### Work to be completed
Go through the records and report each line holding the string "History".

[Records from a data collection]

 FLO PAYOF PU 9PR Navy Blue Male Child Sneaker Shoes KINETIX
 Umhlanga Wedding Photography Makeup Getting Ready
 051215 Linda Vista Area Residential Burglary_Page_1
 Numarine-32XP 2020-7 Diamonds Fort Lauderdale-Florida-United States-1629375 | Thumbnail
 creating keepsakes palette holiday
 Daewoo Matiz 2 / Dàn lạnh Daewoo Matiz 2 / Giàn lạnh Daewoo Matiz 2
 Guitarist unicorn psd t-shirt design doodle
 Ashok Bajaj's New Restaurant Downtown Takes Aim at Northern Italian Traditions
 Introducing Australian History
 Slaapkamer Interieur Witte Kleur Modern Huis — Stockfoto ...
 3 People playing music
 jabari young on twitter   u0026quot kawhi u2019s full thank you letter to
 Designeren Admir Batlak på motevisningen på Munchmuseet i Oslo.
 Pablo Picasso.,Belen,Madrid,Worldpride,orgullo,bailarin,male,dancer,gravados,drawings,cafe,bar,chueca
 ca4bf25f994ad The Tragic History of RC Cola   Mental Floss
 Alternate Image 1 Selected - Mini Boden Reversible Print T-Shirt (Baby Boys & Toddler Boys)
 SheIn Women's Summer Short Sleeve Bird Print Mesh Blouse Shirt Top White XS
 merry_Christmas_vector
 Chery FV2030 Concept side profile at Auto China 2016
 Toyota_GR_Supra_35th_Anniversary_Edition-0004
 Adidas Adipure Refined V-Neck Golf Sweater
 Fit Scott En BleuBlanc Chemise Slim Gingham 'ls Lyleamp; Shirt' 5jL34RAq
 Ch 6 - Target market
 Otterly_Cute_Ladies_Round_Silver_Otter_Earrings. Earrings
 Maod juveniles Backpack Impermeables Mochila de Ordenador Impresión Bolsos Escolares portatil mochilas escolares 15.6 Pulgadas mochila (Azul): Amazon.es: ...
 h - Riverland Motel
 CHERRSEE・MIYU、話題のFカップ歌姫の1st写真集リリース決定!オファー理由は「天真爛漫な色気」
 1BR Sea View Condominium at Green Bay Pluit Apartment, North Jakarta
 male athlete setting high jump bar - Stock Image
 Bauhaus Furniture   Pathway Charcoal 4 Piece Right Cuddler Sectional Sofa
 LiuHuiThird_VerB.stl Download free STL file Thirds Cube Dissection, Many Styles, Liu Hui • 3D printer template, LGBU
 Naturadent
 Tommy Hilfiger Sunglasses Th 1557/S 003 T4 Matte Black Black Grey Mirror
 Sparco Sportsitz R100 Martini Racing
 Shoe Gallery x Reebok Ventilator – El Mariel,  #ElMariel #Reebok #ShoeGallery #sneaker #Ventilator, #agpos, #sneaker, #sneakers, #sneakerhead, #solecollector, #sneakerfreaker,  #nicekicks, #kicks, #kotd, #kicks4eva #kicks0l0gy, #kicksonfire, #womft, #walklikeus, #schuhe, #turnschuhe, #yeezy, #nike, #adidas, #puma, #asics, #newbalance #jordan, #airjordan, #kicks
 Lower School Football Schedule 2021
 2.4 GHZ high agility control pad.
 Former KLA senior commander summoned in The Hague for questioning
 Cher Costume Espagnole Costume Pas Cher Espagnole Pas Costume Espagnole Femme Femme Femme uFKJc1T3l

### The answer
 Introducing Australian History
 ca4bf25f994ad The Tragic History of RC Cola   Mental Floss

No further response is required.